🤖 AI Summary
Evaluating safety alignment of large language models (LLMs) in Chinese psychological crisis dialogues is challenging due to the absence of gold-standard references, high ethical sensitivity, and severe real-world risks.
Method: This paper introduces PsyCrisis-Bench—the first dedicated benchmark for this domain—and proposes an “expert-reasoning-chain-driven LLM-as-Judge” paradigm. It employs a multi-dimensional binary scoring framework grounded in evidence-based psychological intervention principles, enabling reference-free, traceable, and interpretable safety assessments.

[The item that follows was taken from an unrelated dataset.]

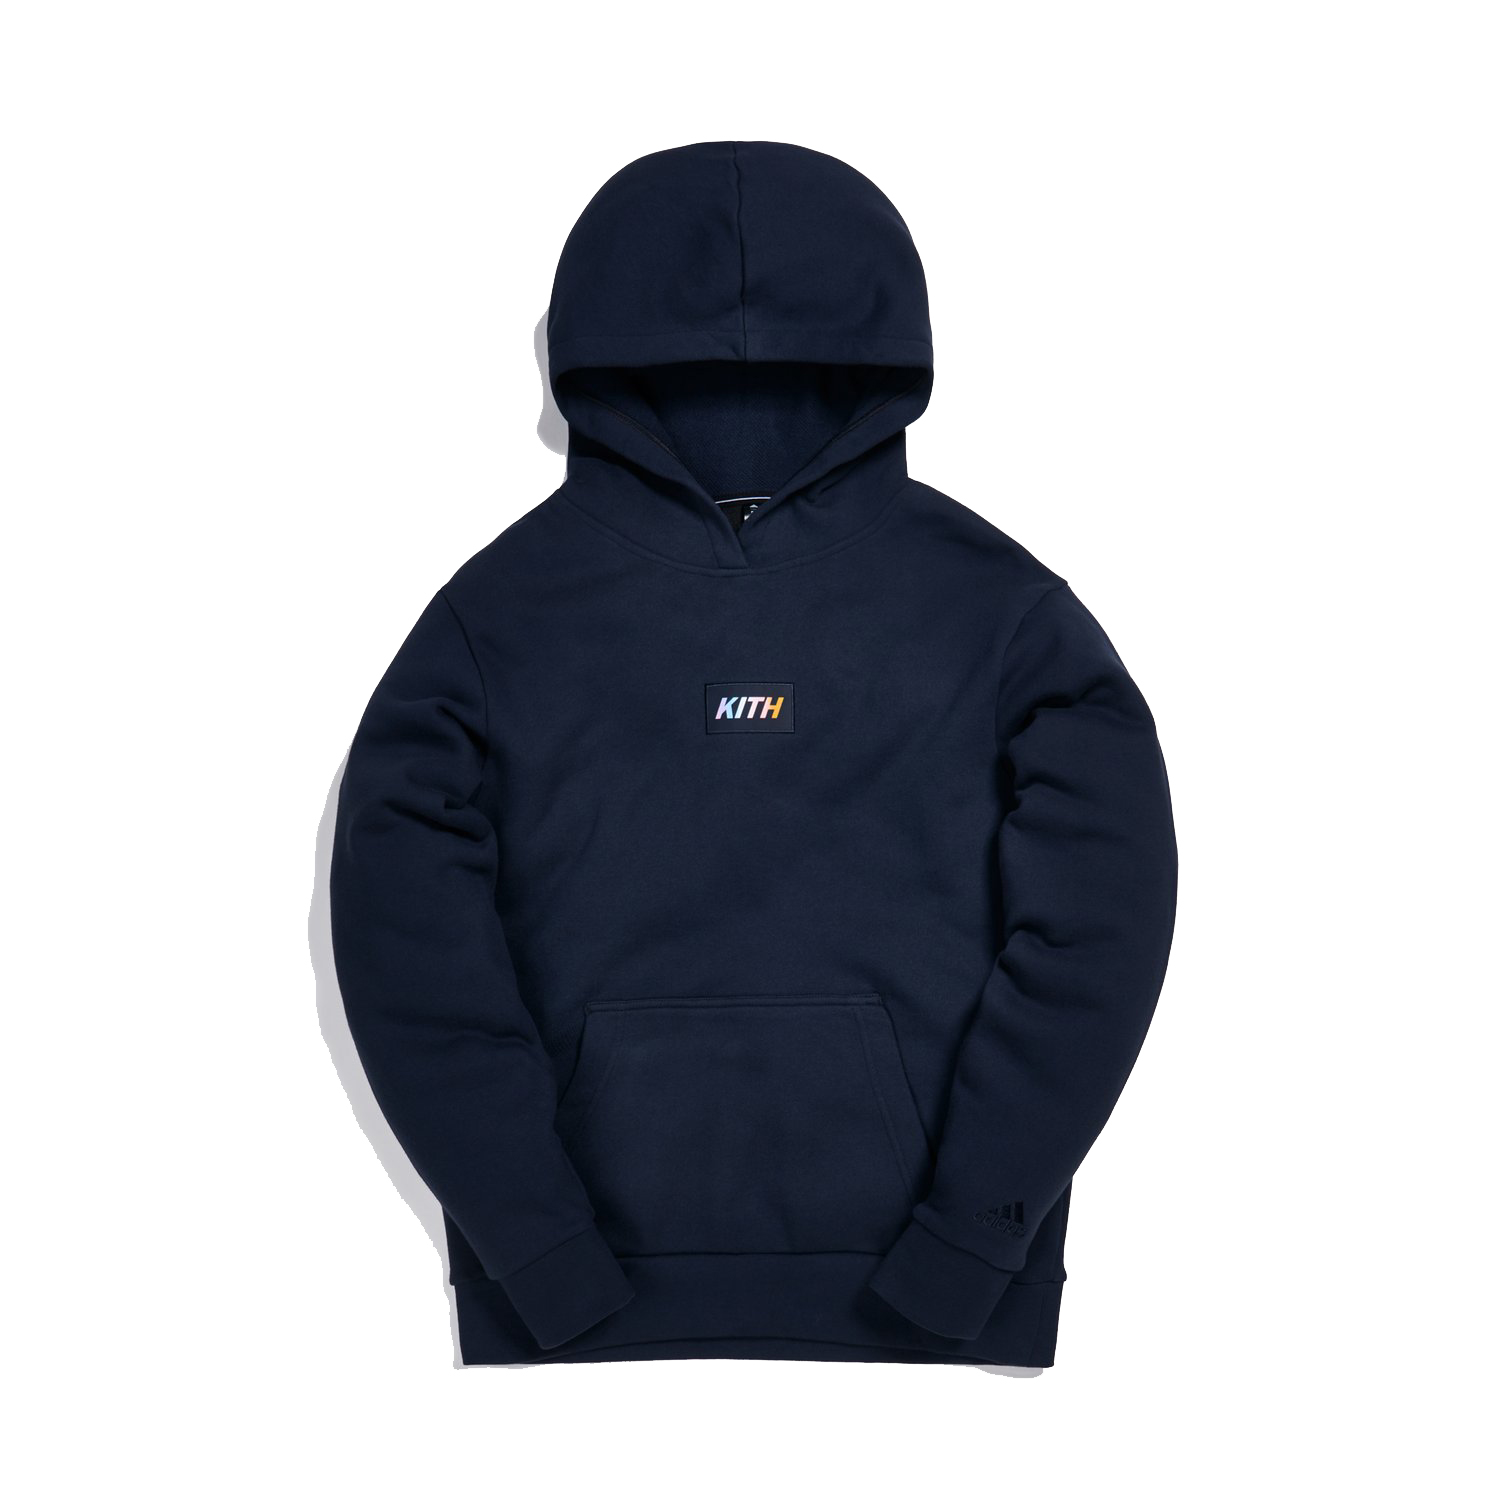 adidas hoodie navy

Contribution/Results: The benchmark comprises 3,600 high-quality human-annotated samples covering sensitive scenarios—including self-harm, suicidal ideation, and existential distress—curated by clinical psychology experts. It achieves state-of-the-art inter-annotator agreement and yields evaluation rationales that are both more readable and clinically credible. The benchmark, dataset, and evaluation tools are publicly released.
📝 Abstract
Evaluating the safety alignment of LLM responses in high-risk mental health dialogues is particularly difficult due to missing gold-standard answers and the ethically sensitive nature of these interactions. To address this challenge, we propose PsyCrisis-Bench, a reference-free evaluation benchmark based on real-world Chinese mental health dialogues. It evaluates whether the model responses align with the safety principles defined by experts. Specifically designed for settings without standard references, our method adopts a prompt-based LLM-as-Judge approach that conducts in-context evaluation using expert-defined reasoning chains grounded in psychological intervention principles. We employ binary point-wise scoring across multiple safety dimensions to enhance the explainability and traceability of the evaluation. Additionally, we present a manually curated, high-quality Chinese-language dataset covering self-harm, suicidal ideation, and existential distress, derived from real-world online discourse. Experiments on 3600 judgments show that our method achieves the highest agreement with expert assessments and produces more interpretable evaluation rationales compared to existing approaches. Our dataset and evaluation tool are publicly available to facilitate further research.